Every day was different. That was the only good thing about being in basic training. Every day was different and some of the stuff was actually fun. Then one day we were expected to take this long hike out into the desert. This wasn’t so bad, because it was February and the weather in southern Texas was great that time of the year. Thank god we weren’t in Ft. Bliss during the summer.

It was going to be a long one and all we had to take along was one pair of clean socks in our back packs. No food, no entrenching tool, no weapon, no extra boots or anything else, but those pair of clean socks.

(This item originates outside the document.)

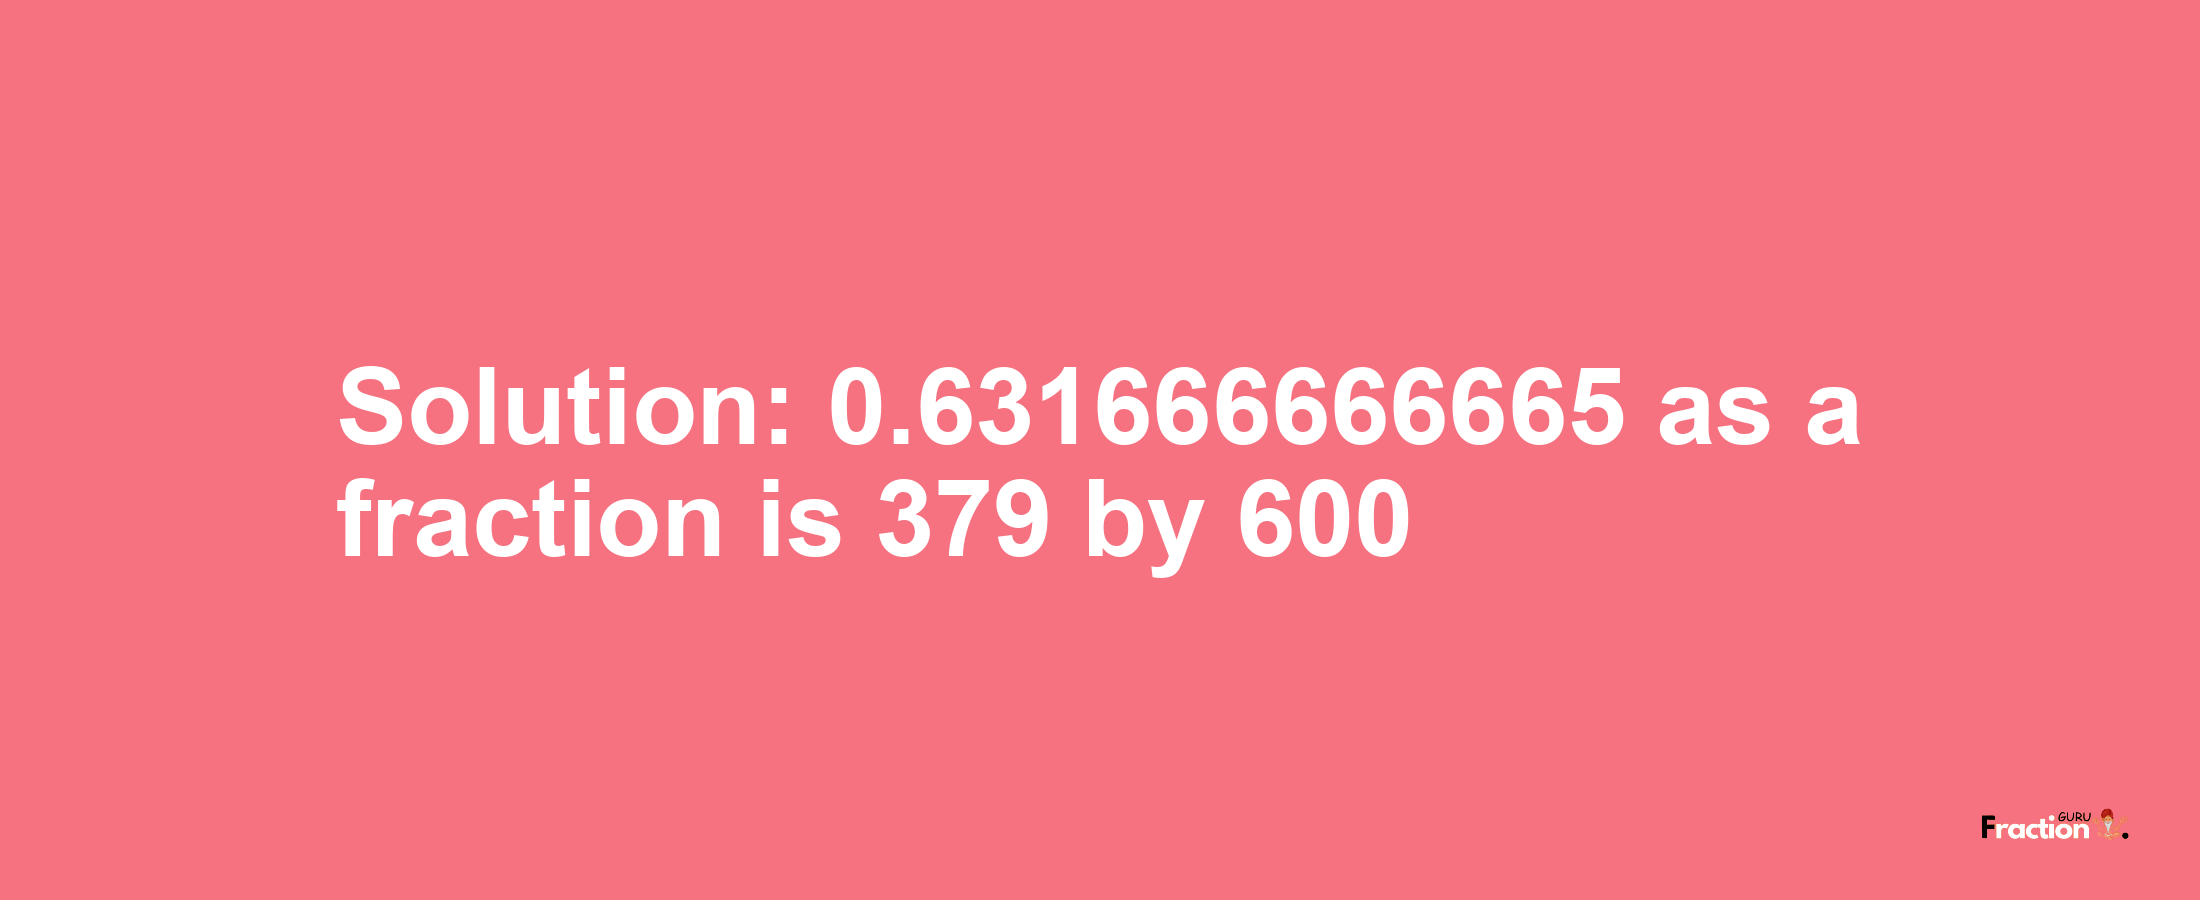 Solution:0.631666666665 as a fraction is 379/600

We hiked out into the desert and then we ate hot C-rations provided by the army at a place set up for us in the sand. Barrels of hot water with C-ration main course meals in them. We just had to pick one out and get the rest of the box of rations on a table and go over on a small hill of sand and eat. It was so simple.

Then we policed up the area and started back the way we came. About half way home the sergeant discovered that Bailey didn’t have a pair of socks in his back pack. I don’t know any of the ugly details but the sergeant found out he didn’t have his socks. Maybe someone dropped a dime on his ass, ratted him out… I just don’t know. Anyway the sergeant yelled at the guy with all of us looking on. Bailey was this loser that didn’t give a shit what the army thought and just wanted out.

I wish I’d had had that kind of guts. Bailey just took the shit and then he filled his back pack up with big rocks and carried it all the way home, because the sergeant told him too. Bailey had the balls to do it and keep on doing it and I’m sure without the slightest doubt, eventually got out of the army. You would think that’s the kind of folks the army would be looking for. They didn’t want people to have guts, they wanted people stupid enough to spill their guts.

I don’t know how long that hike was, but my legs were tired and my feet hurt right up to the nubs. I was sleepy, hungry, dirty and all I wanted to do was take a hot shower and die into the bunk. The sergeant lined us up between the barracks and started on a long spiel of everything we were expected to do the next day. The shit went on and on. Every goddamned detail, every moment recorded and filed. My feet were burning up. My back hurt from lugging those socks all day long. I was thirsty and I wanted to sleep. The sergeant went on and on like a parrot being fed peanuts to perform.

Then I could hear that subtle pitch change in his voice that he was about to stop talking and release and send us upstairs to our barracks and off to beddy-by. He wound down and then he said it! I didn’t want him to say it. I only wanted to hear the words. “Company. A-Ten-Hut, Company, Dismissed!” but he didn’t. Instead he asks, “Are there any questions?”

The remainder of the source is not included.